— DATASET CONTENT —
· · ·

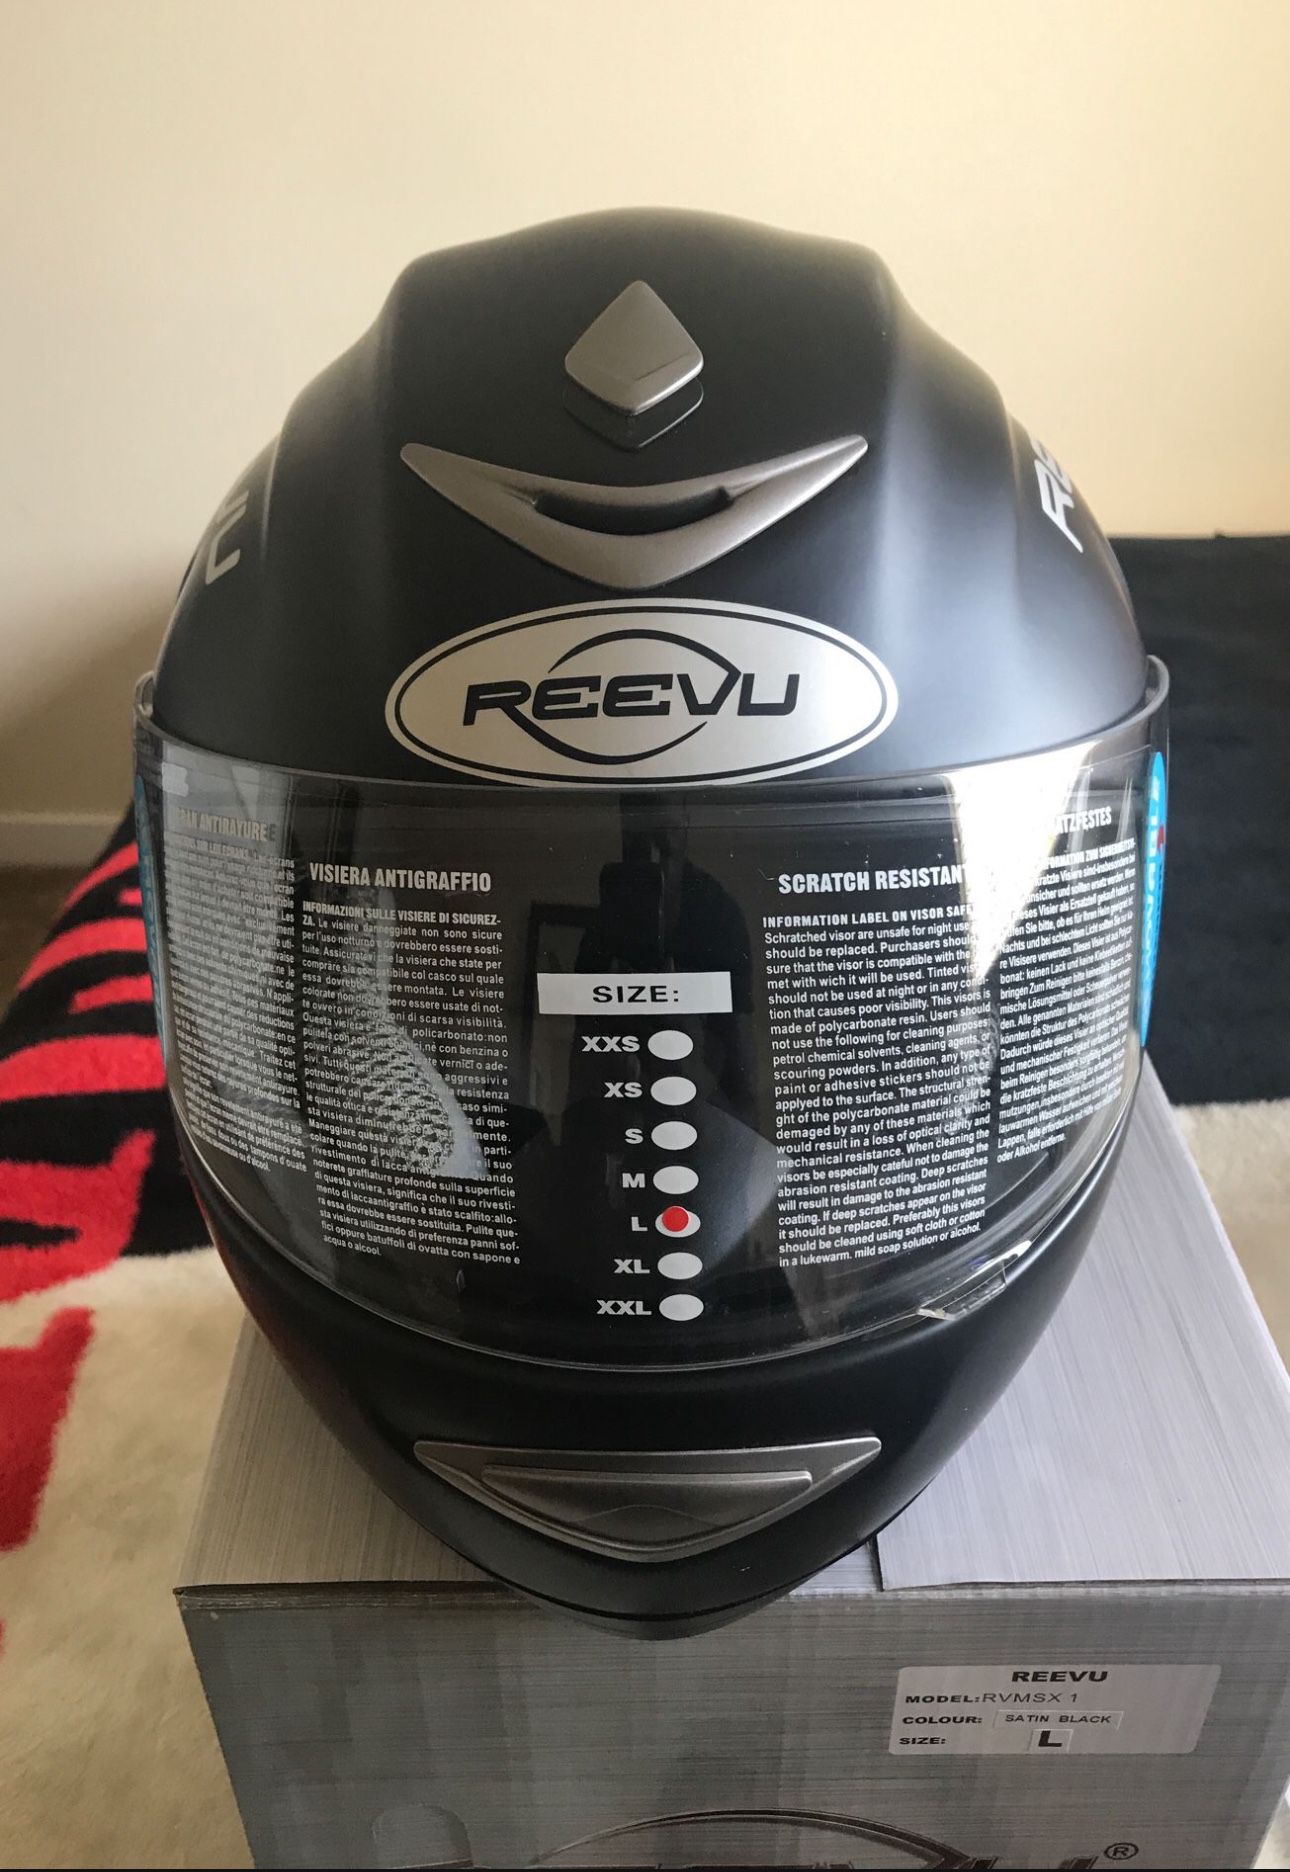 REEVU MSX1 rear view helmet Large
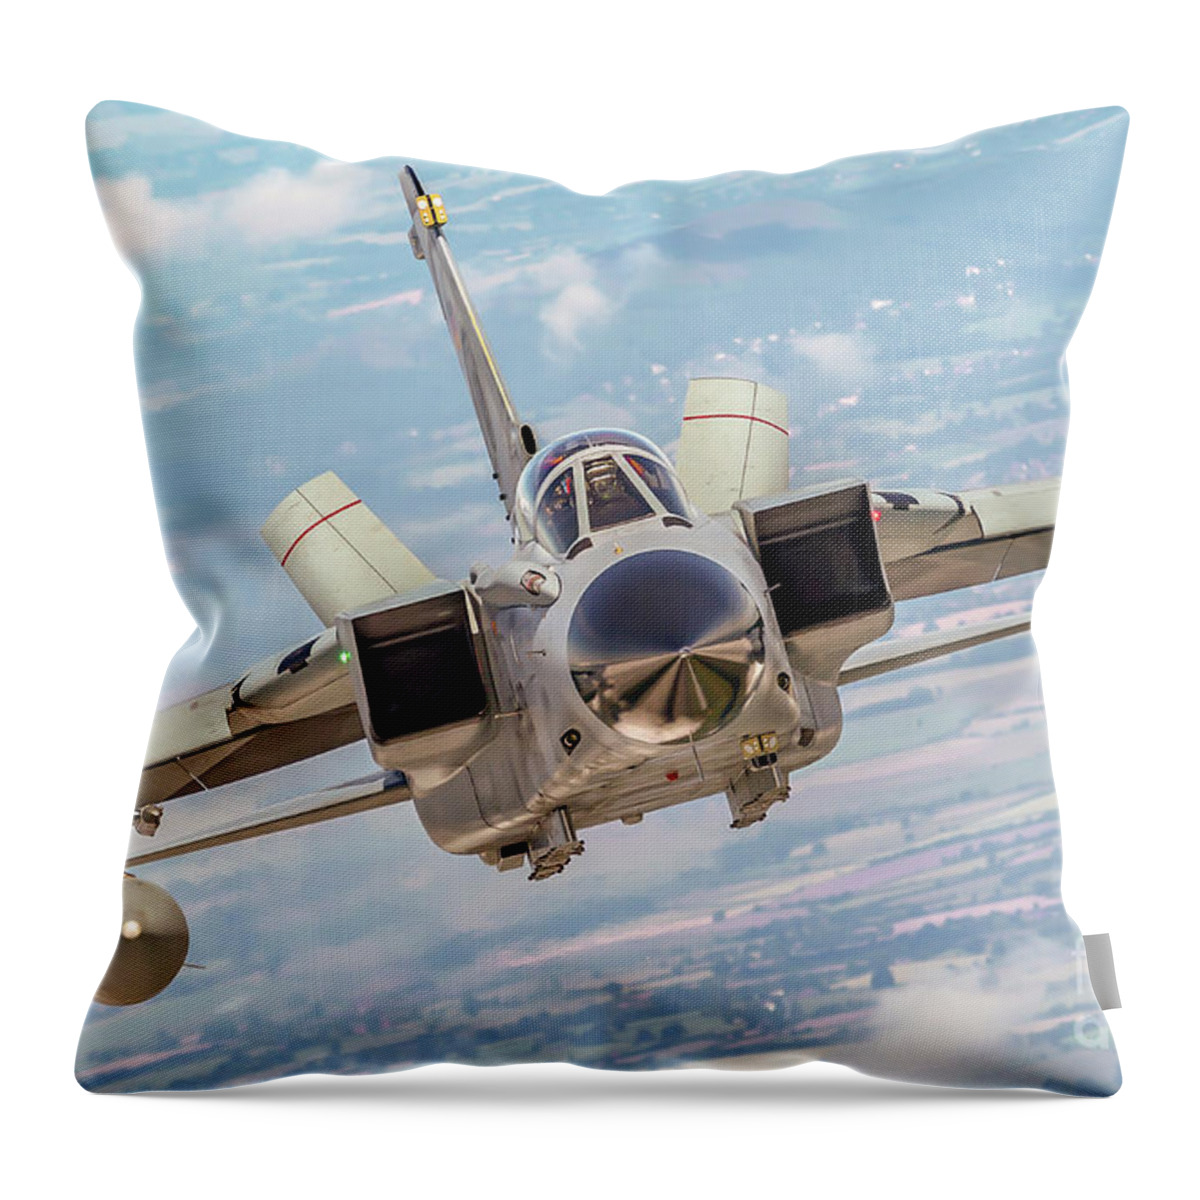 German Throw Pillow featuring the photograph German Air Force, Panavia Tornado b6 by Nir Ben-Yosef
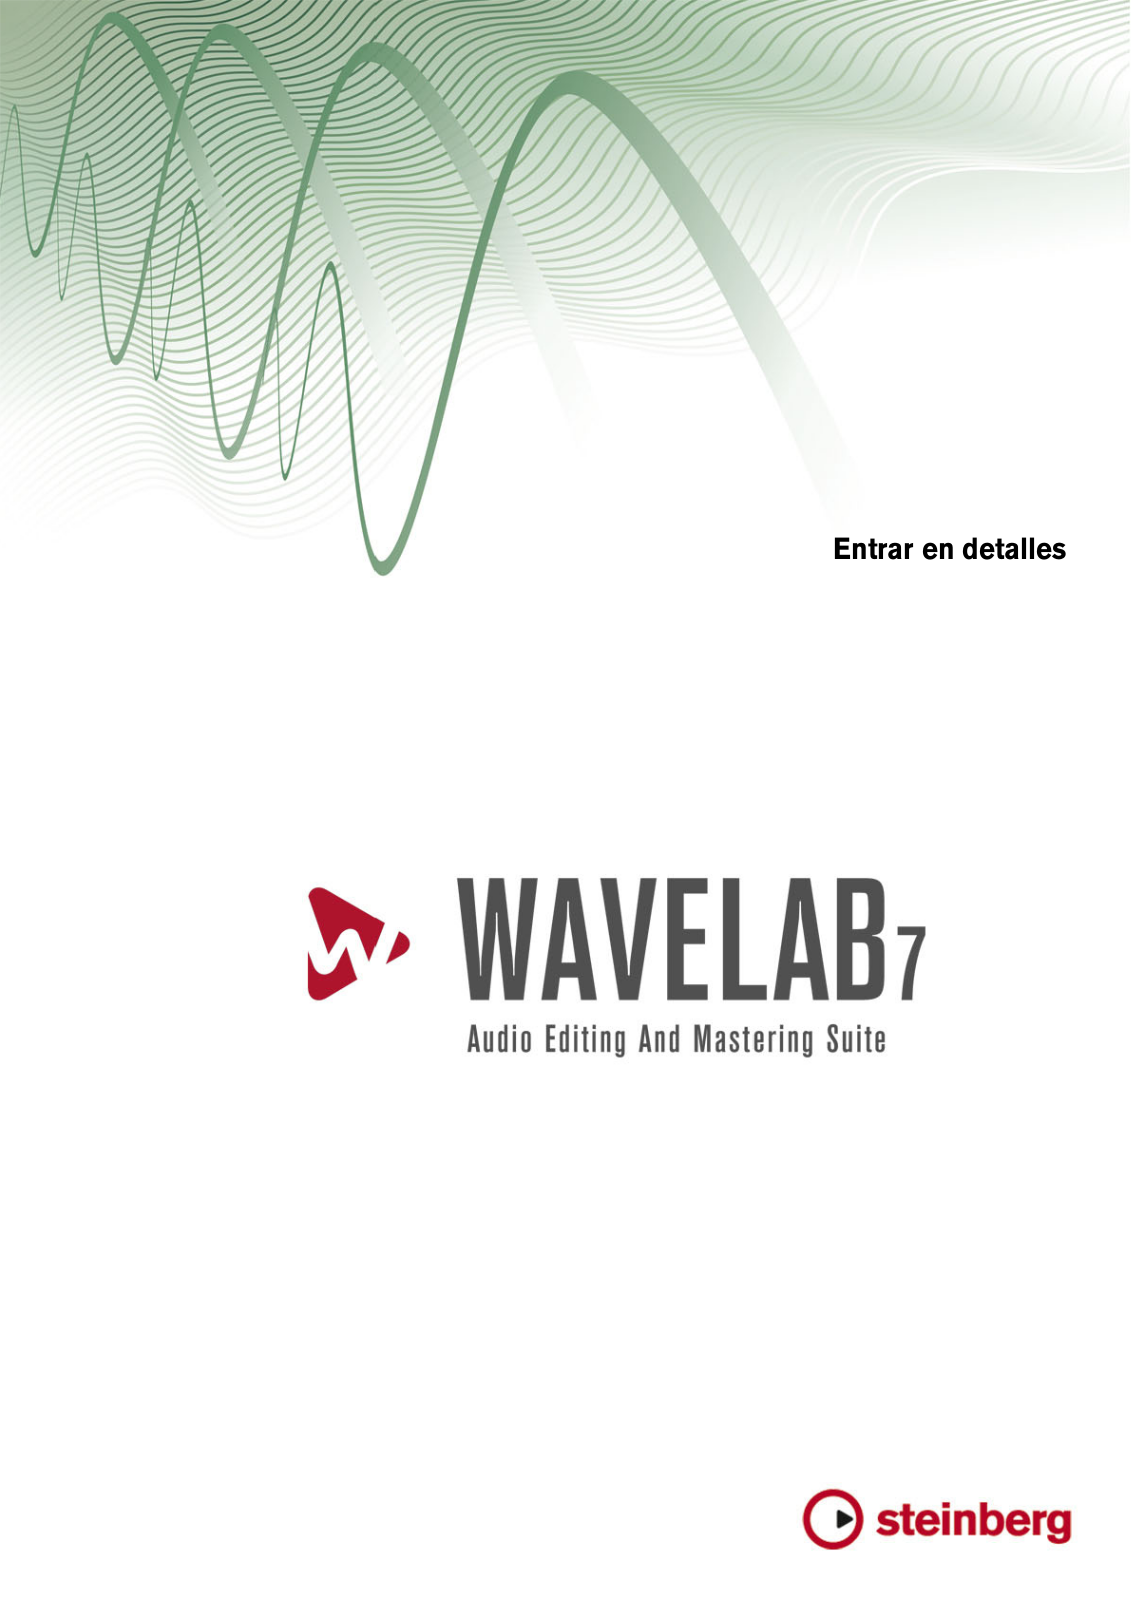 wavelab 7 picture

· · ·

— WORK ITEM —
Transcribe the listing above verbatim. Omit the pictures.

— RESPONSE —
 REEVU MSX1 rear view helmet Large
 German Throw Pillow featuring the photograph German Air Force, Panavia Tornado b6 by Nir Ben-Yosef
 wavelab 7 picture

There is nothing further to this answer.